▶ _Work to be completed_: Set down every entry again word for word, please, but skip the pictures.

▶ _Provided material_:
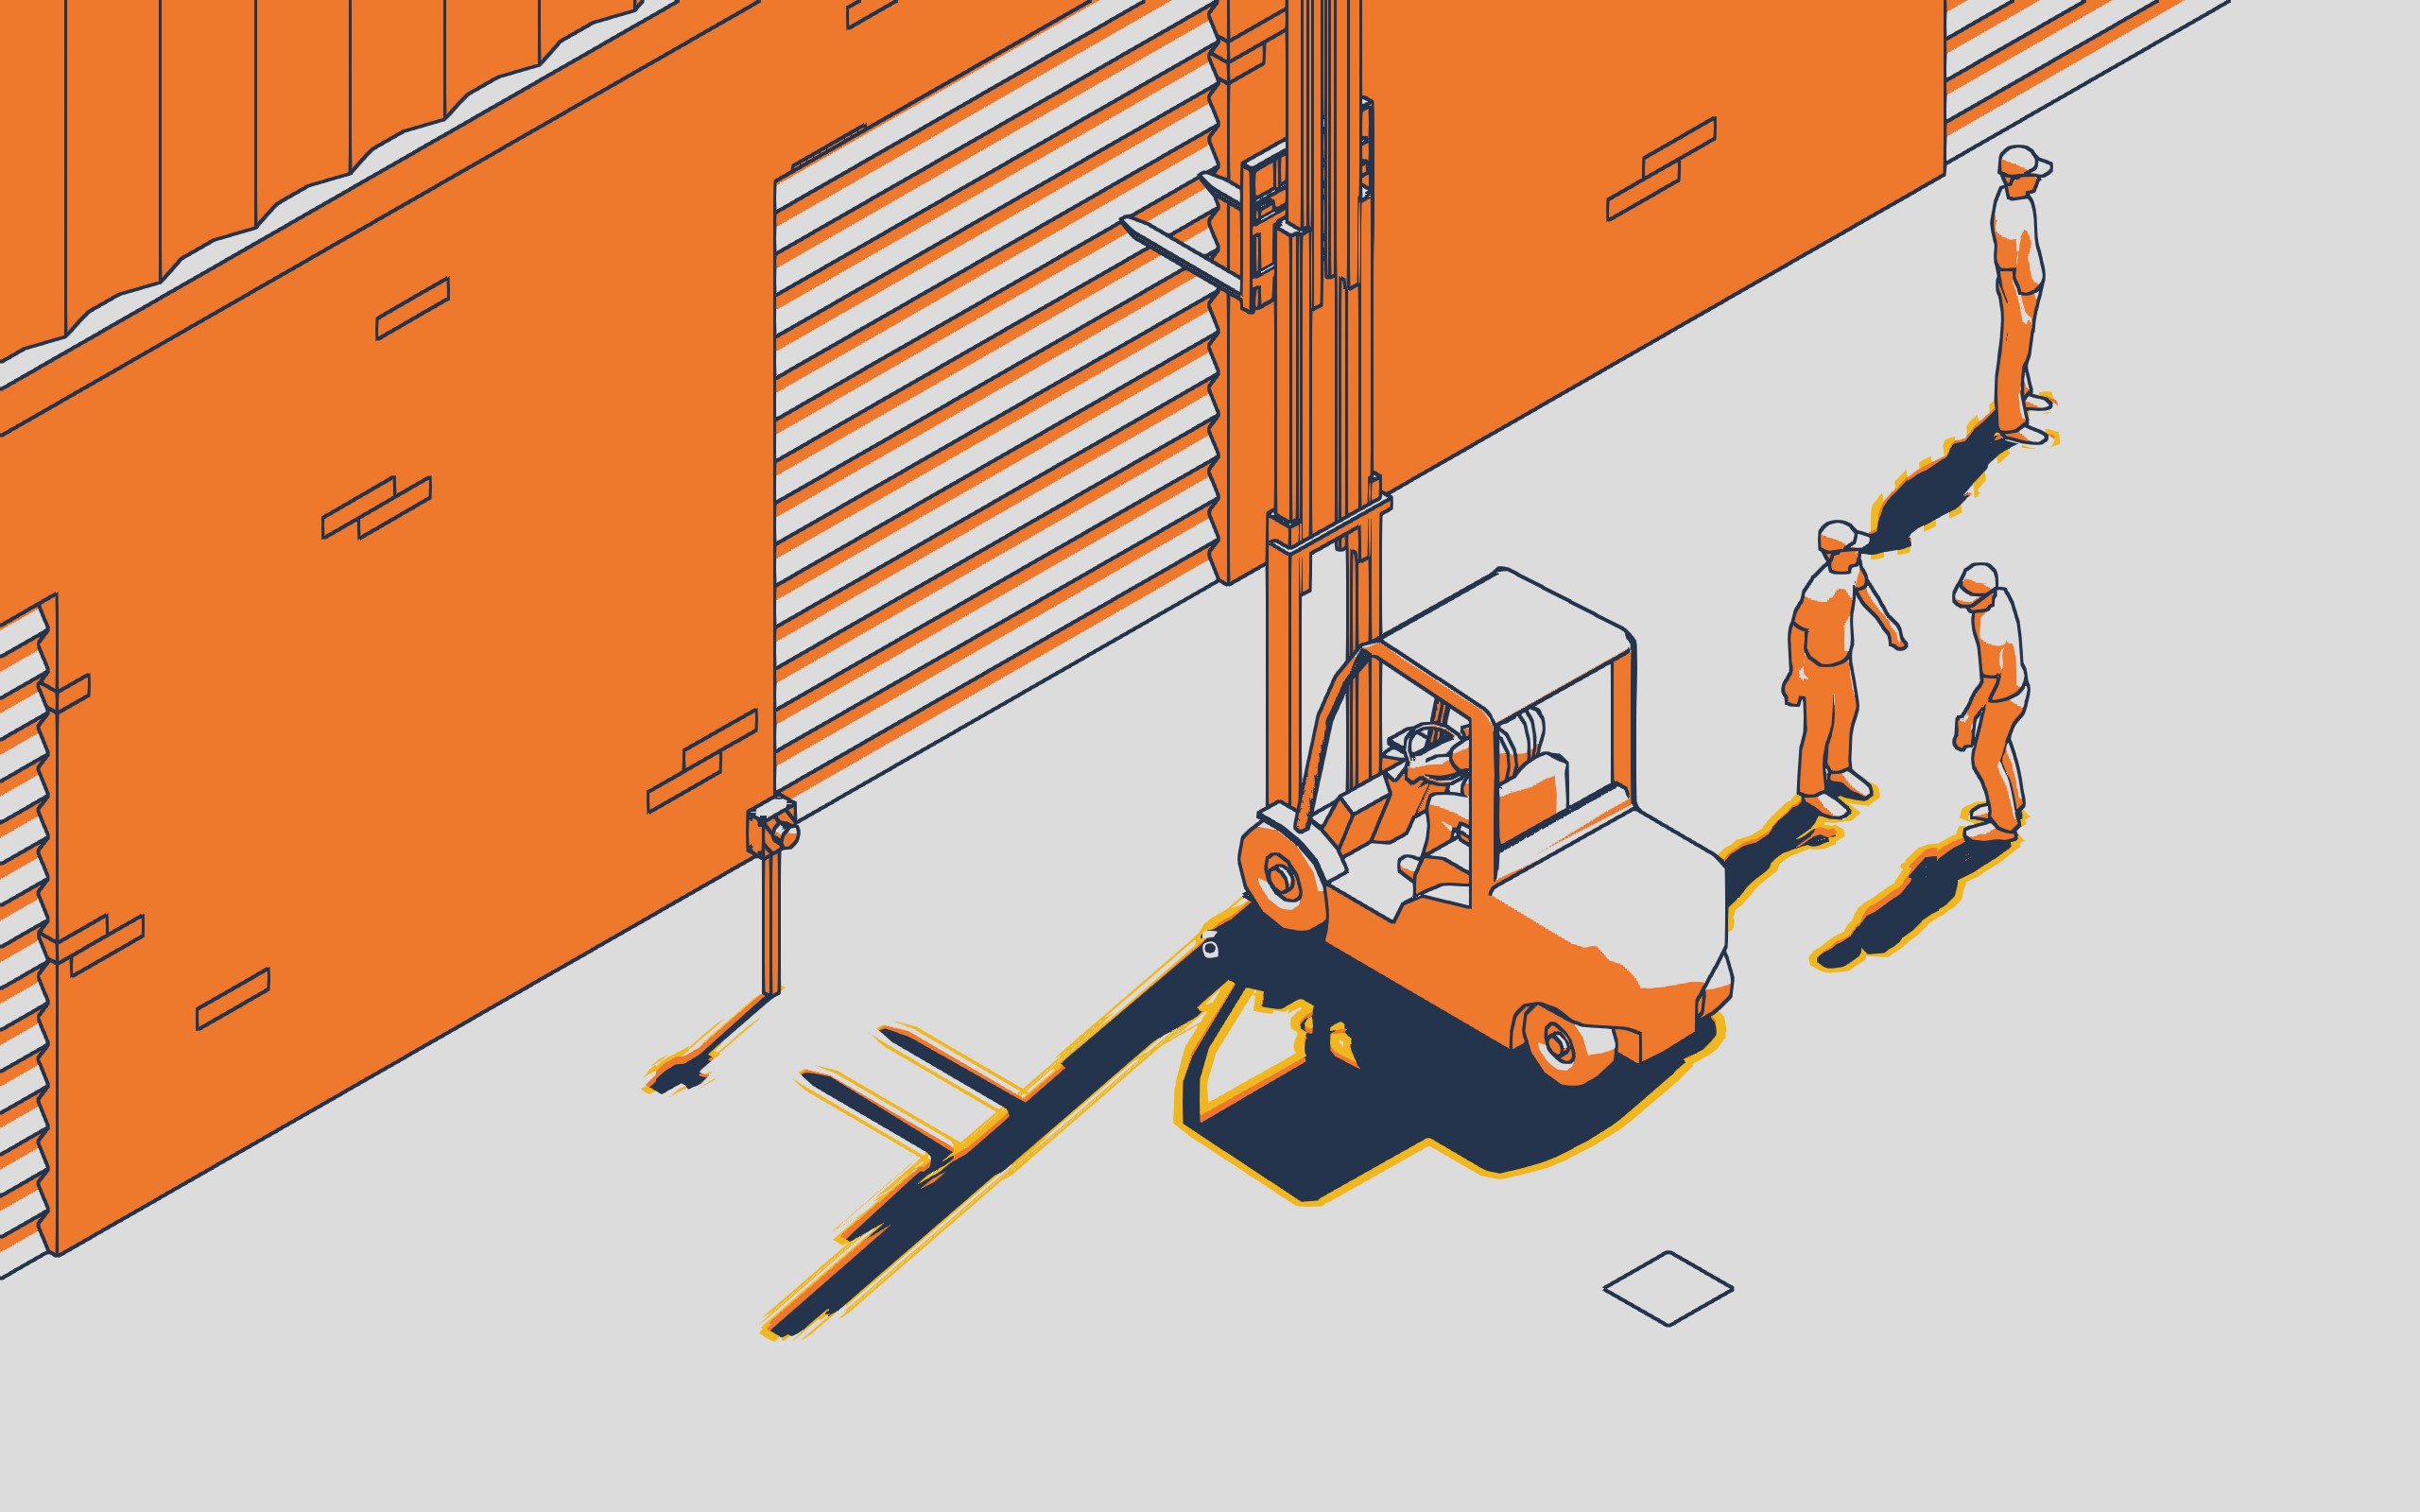 A forklift approaches a factory.
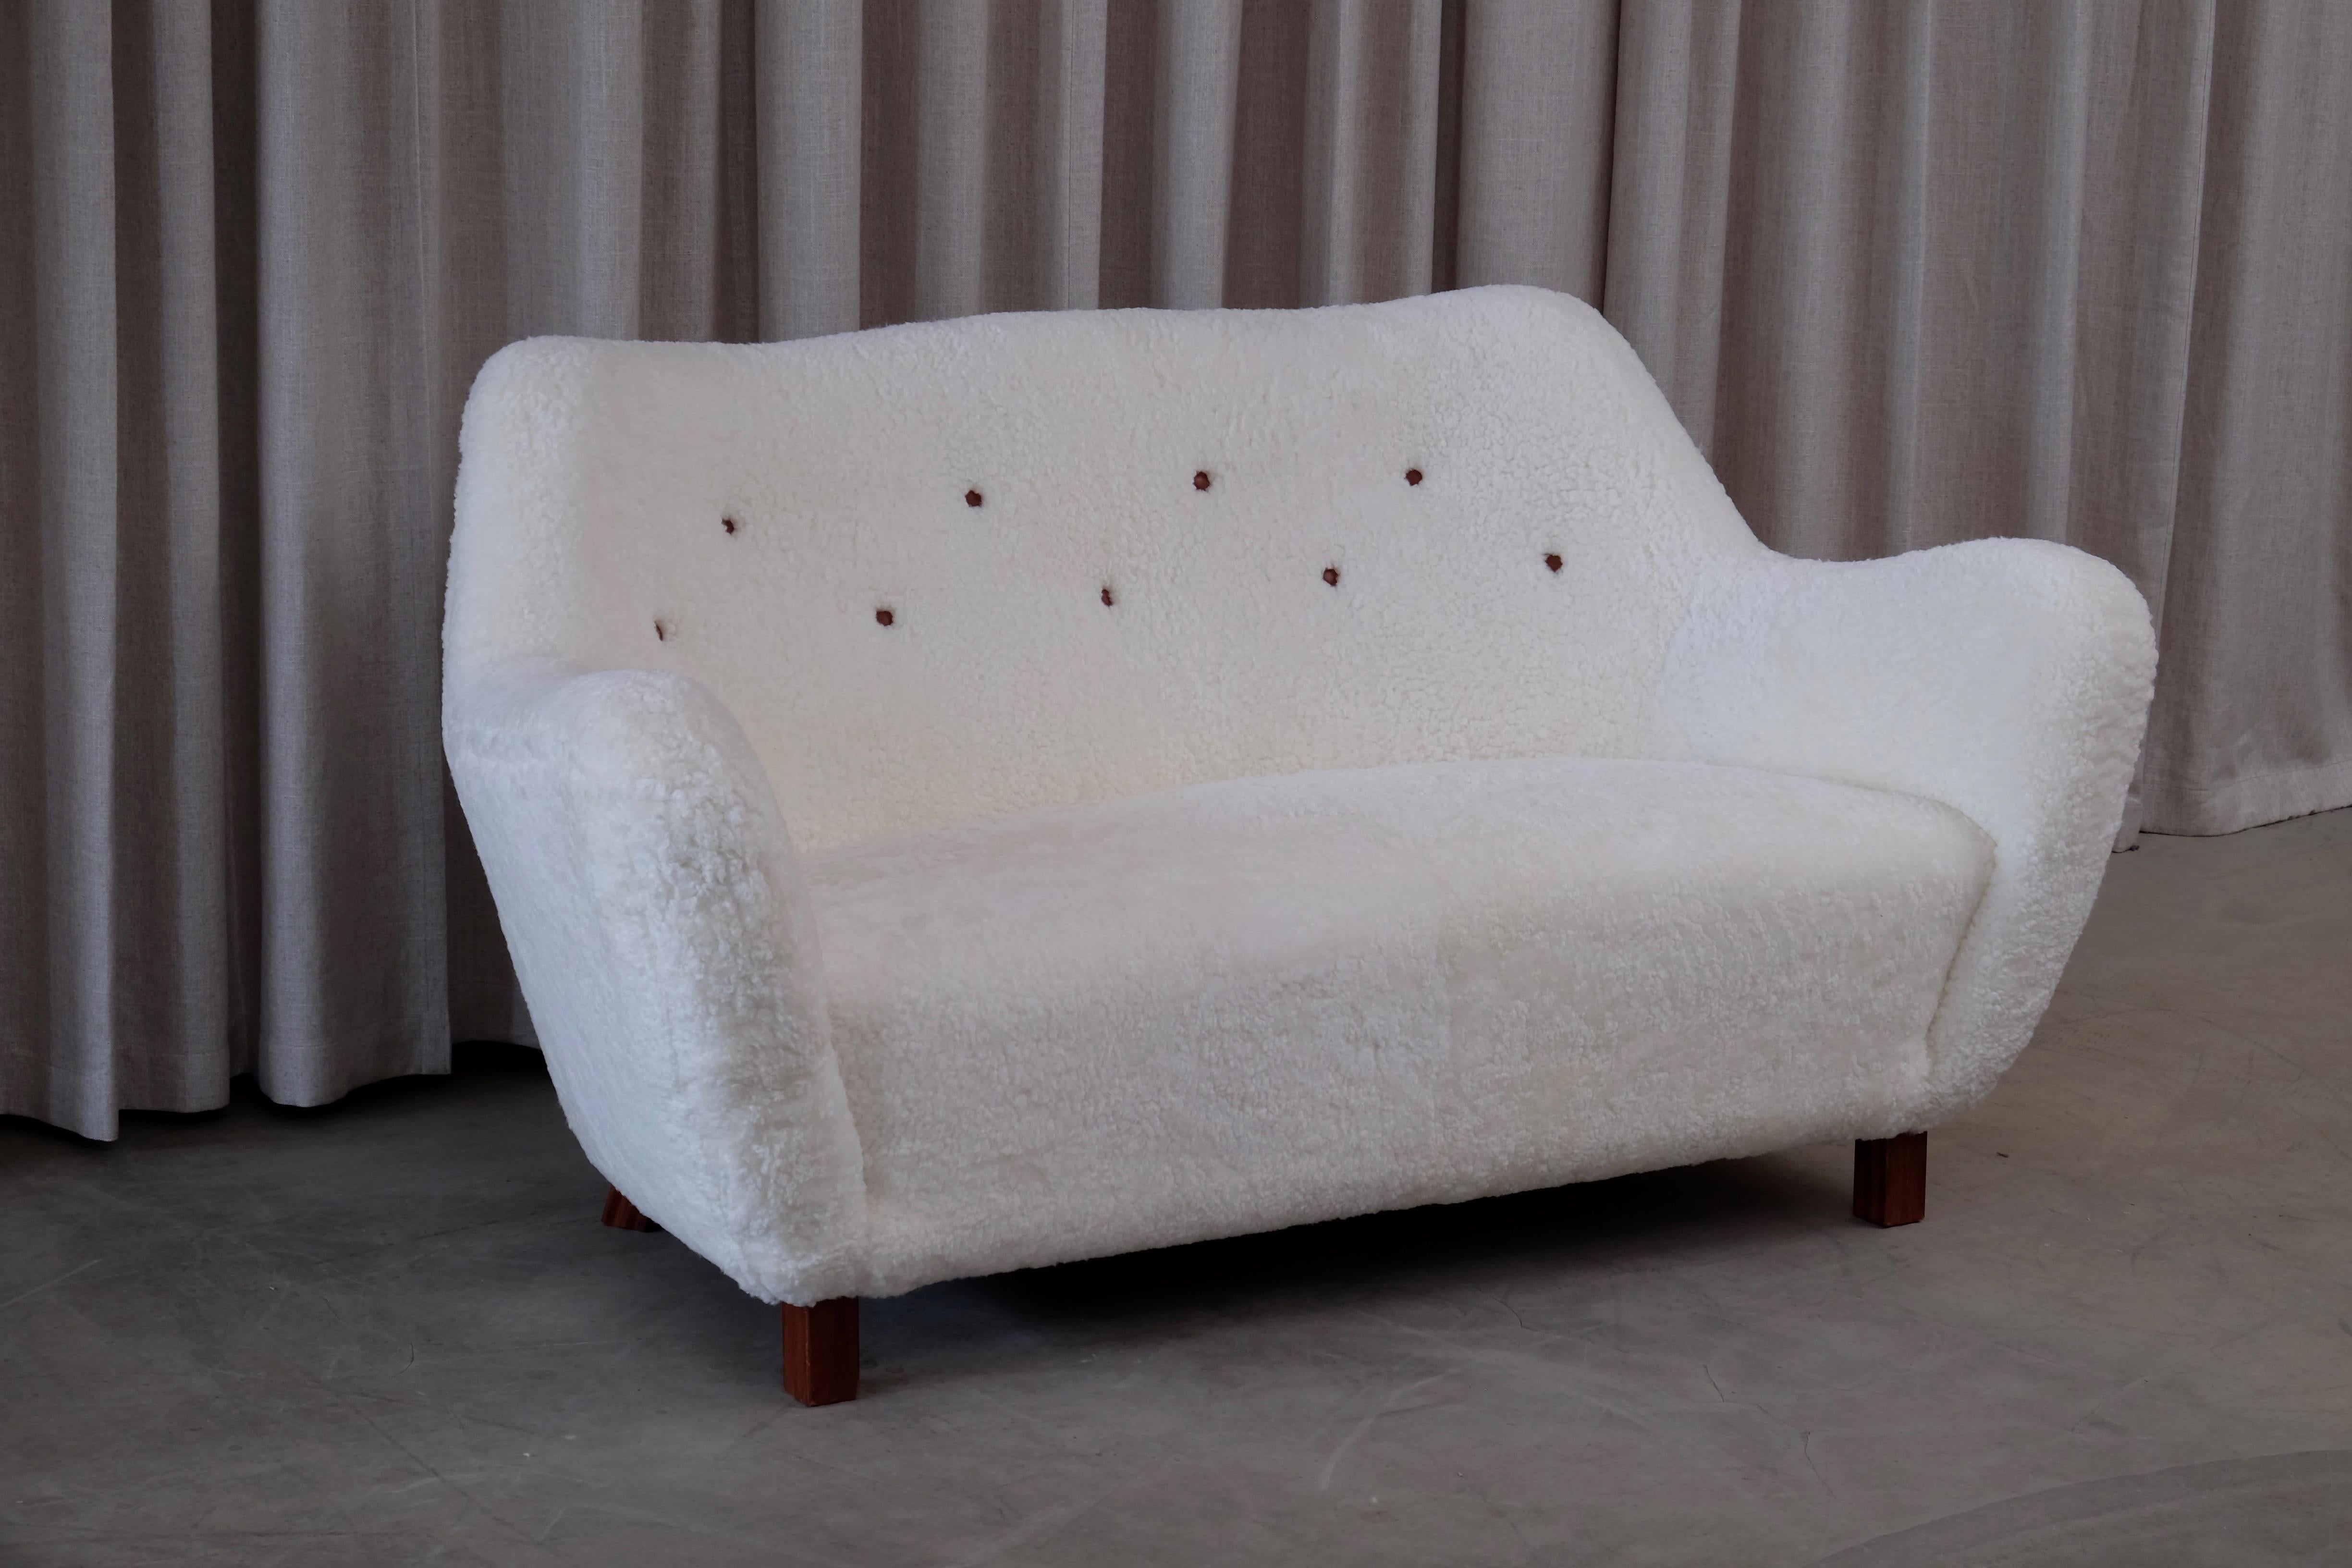 Reupholstered in white sheepskin from Skandilock.
Produced by Sten Wicéns Möbelfabrik, Sweden, 1950s.
Pair of matching easy chairs of the same model is also available.
Excellent condition.

▶ _Your response_:
 A forklift approaches a factory.
 Reupholstered in white sheepskin from Skandilock.
Produced by Sten Wicéns Möbelfabrik, Sweden, 1950s.
Pair of matching easy chairs of the same model is also available.
Excellent condition.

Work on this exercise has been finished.